Pakistan's new appeal

Pakistani Ambassador Maleeha Lodhi is sending a message to the next U.S. president to pay more attention to her country and avoid a "piecemeal and sporadic" approach to global crises.

Miss Lodhi, in a speech to the Atlantic Council in Washington this week, also called for renewed dialogue between Pakistan and India over the disputed region of Kashmir, the cause of two wars between the South Asian rivals.

Pakistan believes the United States has tilted toward India since President Clinton made a five-day visit to India in March and spent only a few hours visiting the military ruler of Pakistan.

Both nations demonstrated they possess the ability to build nuclear weapons by detonating nuclear devices in 1998.

Miss Lodhi appealed for a more balanced approach to the subcontinent.

"The new U.S. administration can and should play an active role in promoting durable peace and stability in the world's major crisis areas, including the Middle East and South Asia," she said.

"In doing so, it should move from the approach of crisis management to effective and timely preventive diplomacy."

Miss Lodhi appealed to the next president be it George W. Bush or Al Gore for a more realistic approach to international affairs.

"The new U.S. administration, taking office at a time when the U.S. is the world's pre-eminent power will continue to significantly influence the course of events globally and in various sensitive regions of the world," she said.

"We hope that U.S. policy will be determined with greater care and deliberation. And that this is informed by a strategic vision that keeps the big picture in view and not just responds to the immediate in a piecemeal and sporadic way."

The United States should recognize Pakistan's potential as an economic link between China and the Persian Gulf countries, she said.

"Pakistan is a pivotal state. Its geostrategic and geo-economic location can enable it to play a vital role in the future in becoming the geographic link for the economic fusion of the resource-rich Central Asian states with the growing markets and manufacturing capacities of South Asia," Miss Lodhi said.

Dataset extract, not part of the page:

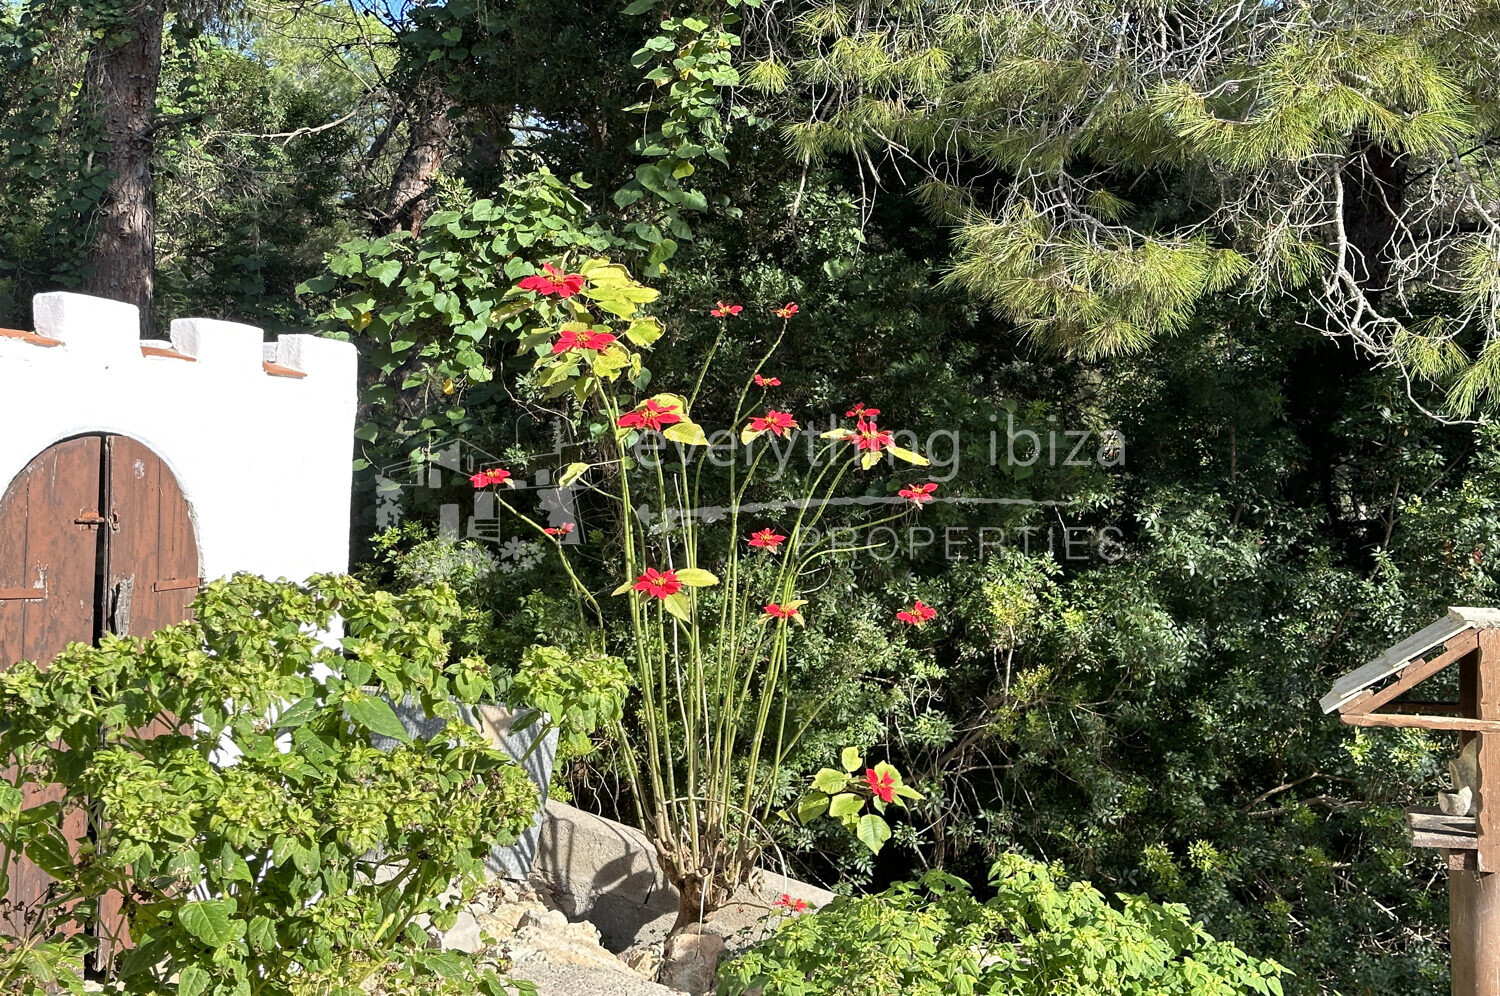 Charming Traditional Villa with Lots of Character in Cala Llonga, ref. 1520, for sale in Ibiza by everything ibiza Properties

"In evolving its longer-term policy towards the region, we expect the U.S. to keep in view this potential role that Pakistan can play as a geo-economic linchpin."

She called on India to "halt repressive measures" in the restless Kashmir region, where India has accused Pakistan of backing Muslim militants fighting Indian rule.

"Peace between Pakistan and India can be built in a step-by-step process that is manifestly fair and equitable," she said.

"This dialogue process could be sustained only if appropriate measures are taken to build mutual confidence that the talks are designed to secure a genuine solution. To this end, India should agree to halt all repressive measures, such as crackdowns, and move Indian troops into their barracks. Pakistan would be prepared to make every endeavor to convince the Kashmiris to respond."

Miss Lodhi called on the United States "to actively encourage and support a viable and fair Kashmir peace process."

Embassy shut in Qatar

The United States has closed its embassy in the Persian Gulf country of Qatar for security reasons.

The embassy was closed on Saturday, the start of the work week in the Muslim country, Agence France-Presse reported yesterday.

"American residents in Qatar were informed that the embassy would be closed all week," Elita Wenger said.

She added the action was taken to "ensure the safety of staff" but refused to give further details of any specific threat.

The closure of the embassy in Qatar is the latest U.S. diplomatic response to security concerns since the Oct. 12 bombing of the USS Cole in Yemen.

Nigeria gets AIDS grant

Nigeria yesterday received a $25 million grant from Harvard University to fight AIDS, the wife of the former U.S. ambassador to Nigeria announced.

Arese Carrington, a director of the Harvard School of Public Health, said the money will be released in grants of $5 million apiece over the next 18 months.

Walter Carrington was ambassador there from 1993 to 1997.